3. Turun Dari Mobil Untuk Sembahyang.
Suatu hari dalam perjalanan menuju Makassar, tiba waktunya untuk shalat Dzuhur dan beliau menyuruh sopir mobil untuk berhenti sejenak untuk melaksanakan shalat, namun sopir mobil tidak rela menghentikan mobilnya jika sewa mobil tidak dibayar agar dapat melanjutkan perjalanan ke Makassar. Belia pun membayarnya dan turun bersama rombongannya untuk menunaikan shalat Dzhuhur, kemudian mobil tersebut melanjutkan perjalanannya namun dalam perjalanan mobil tersebut tiba-tiba macet, mobil tidak bisa jalan, setelah shalat Imam Lapeo beserta rombongan berencana melanjutkan perjalanan mereka dengan berjalan kaki, dalam perjalanan mereka bertemu dengan mobil yang mereka tumpangi dalam keadaan macet, penumpang dalam mobil tesebut berkata inilah tadi teman kita yang singgah untuk shalat, Imam Lapeo pun naik diatas mobil tersebut tidak lama kemudian mobil tersebut bisa jalan dan normal seperti semula.

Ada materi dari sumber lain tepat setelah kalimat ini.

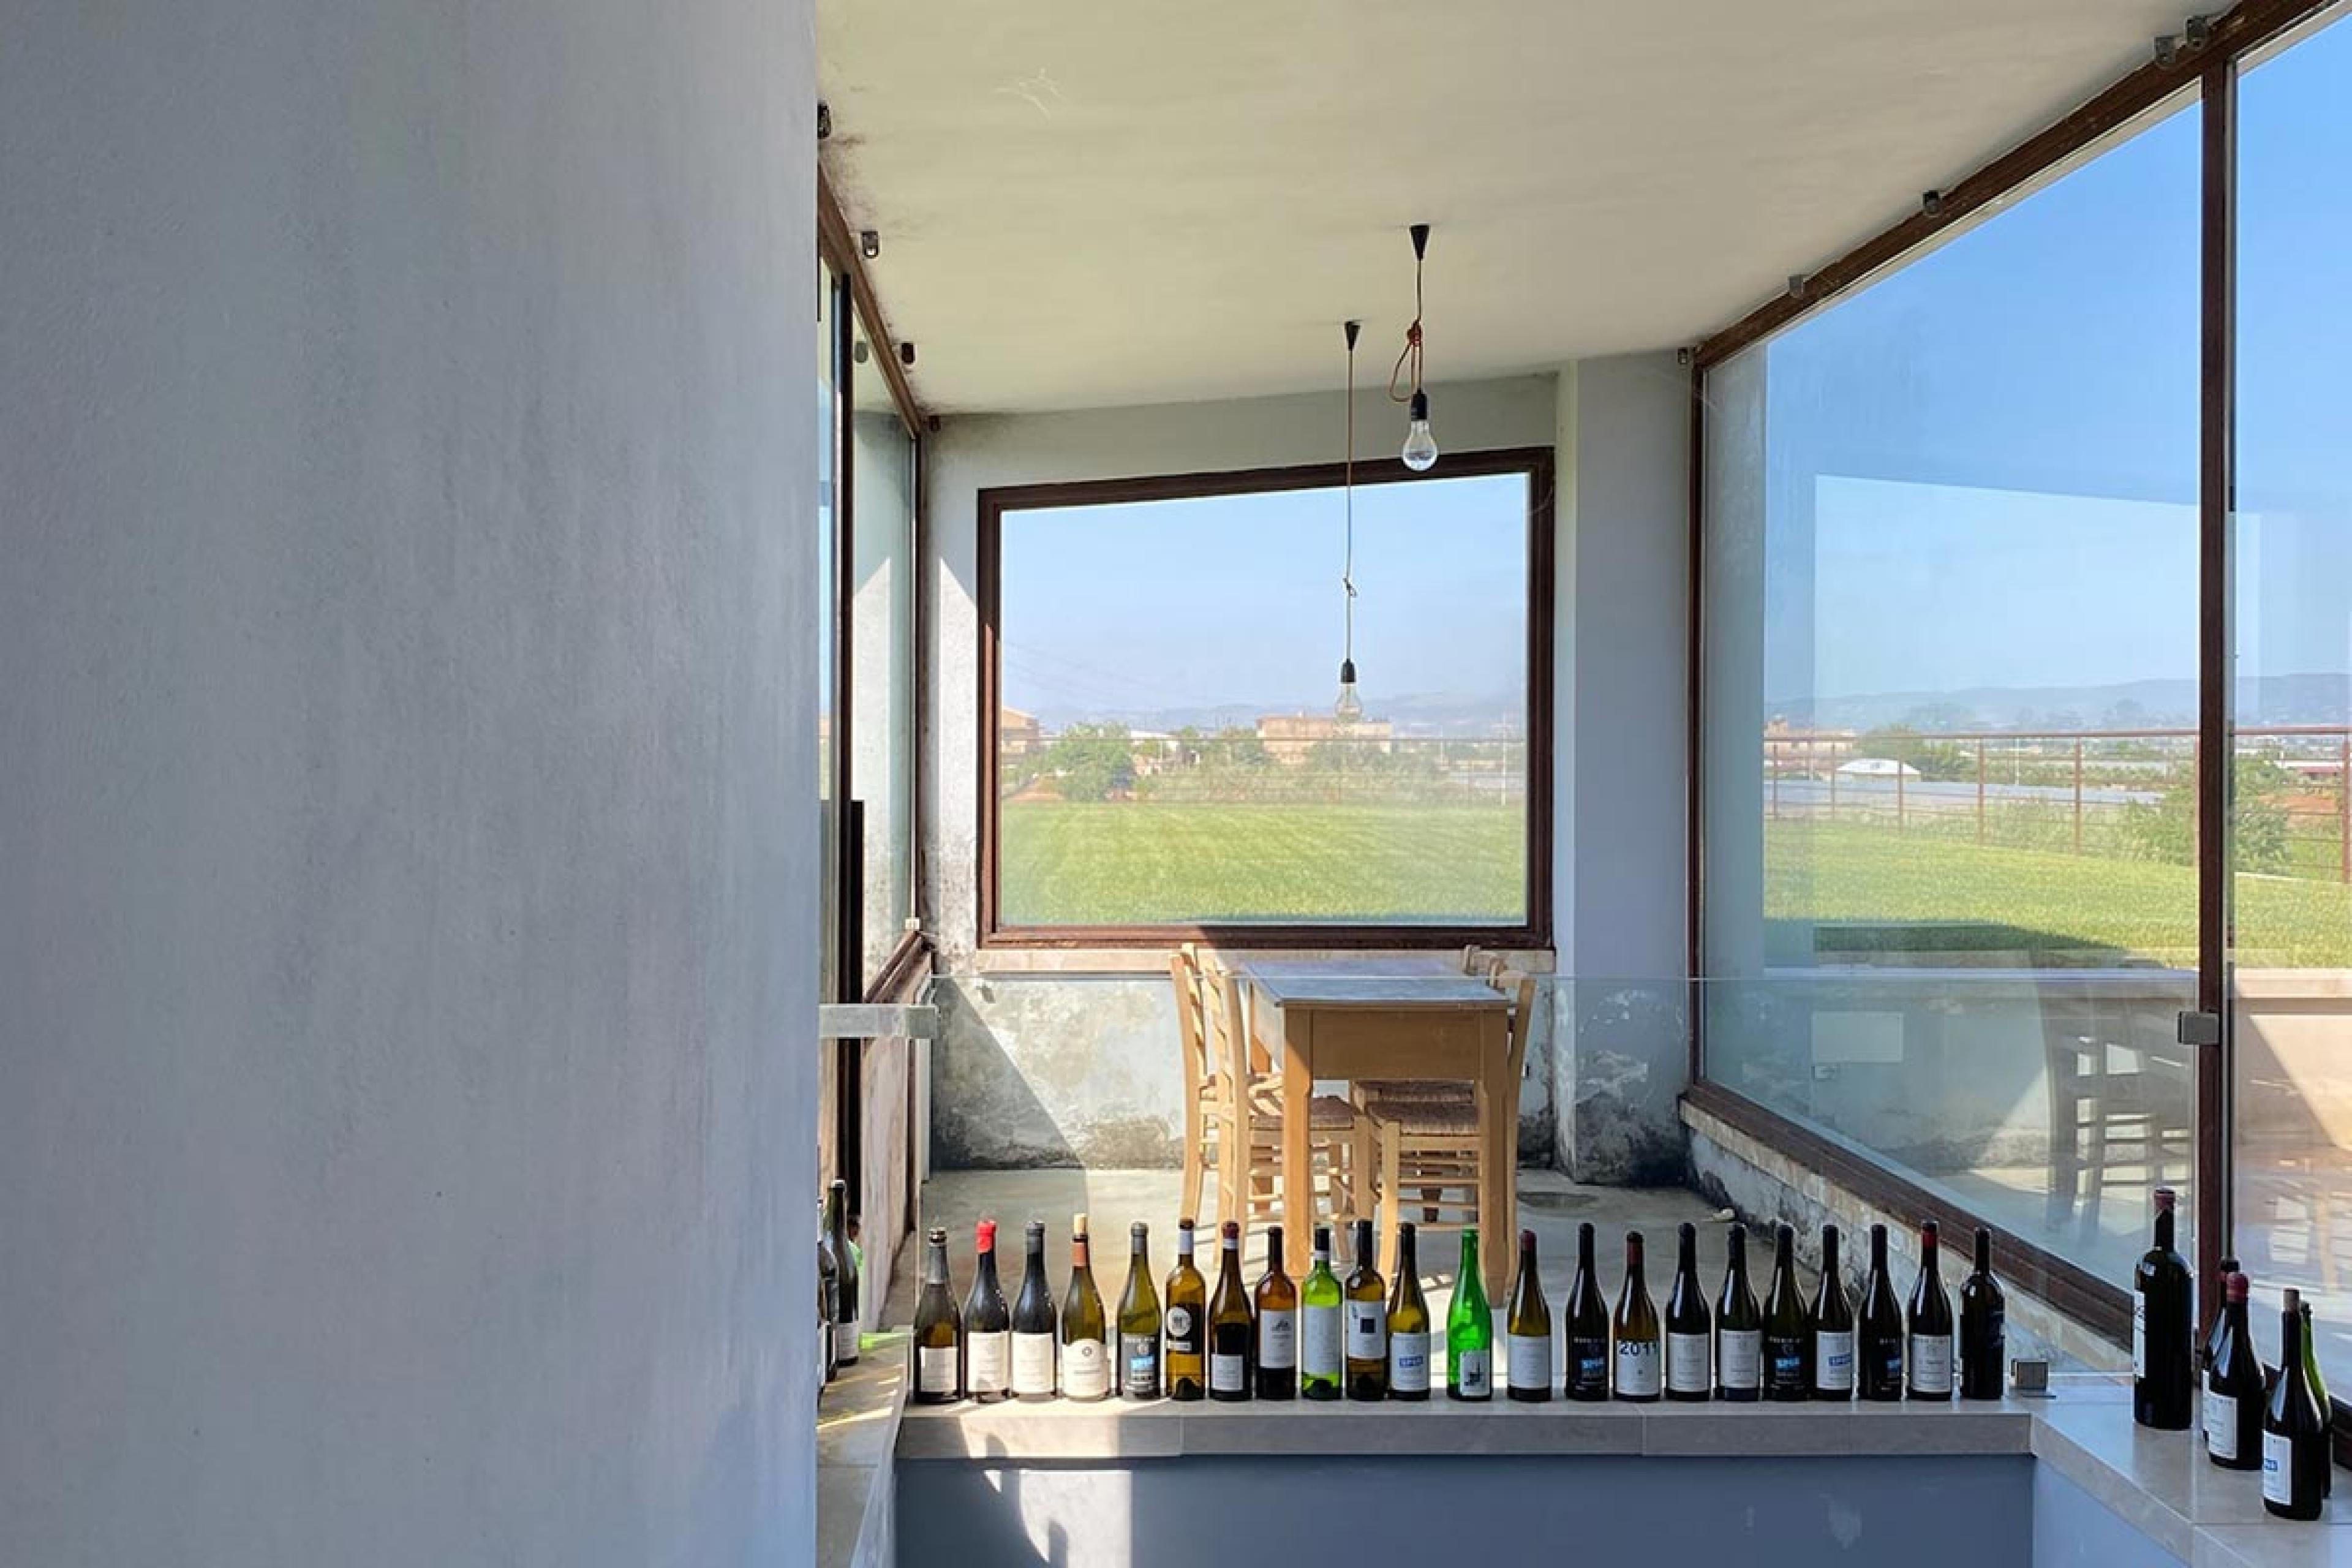 view from inside contemporary white building with wine bottles on shelf and windows looking to greenery outside

4. Gema Teriakannya Di Telinga Pencuri.
Suatu hari ada seseorang memasuki kebunnya di Galung Lampu, berencana untuk mencuri buah-buahan yang didalamnya yakni memanjat pohon kelapa. Tiba-tiba terdengar teriakan Imam Lapeo, sementara beliau tidak ada dikebun, orang tersebut lari sekencangnya suara tersebut masih terdengar : To bibo….to bibo… to bibo. Dia pun tidak bisa tidur dengan mendengar suart tersebut hingga dia pun  mendatangi beliau dan menjelaskan apa yang telah terjadi dan memohon maaf kepada beliau juga meminta agar diobati. Orang tersebut dioabati dan sudah merasa tenang.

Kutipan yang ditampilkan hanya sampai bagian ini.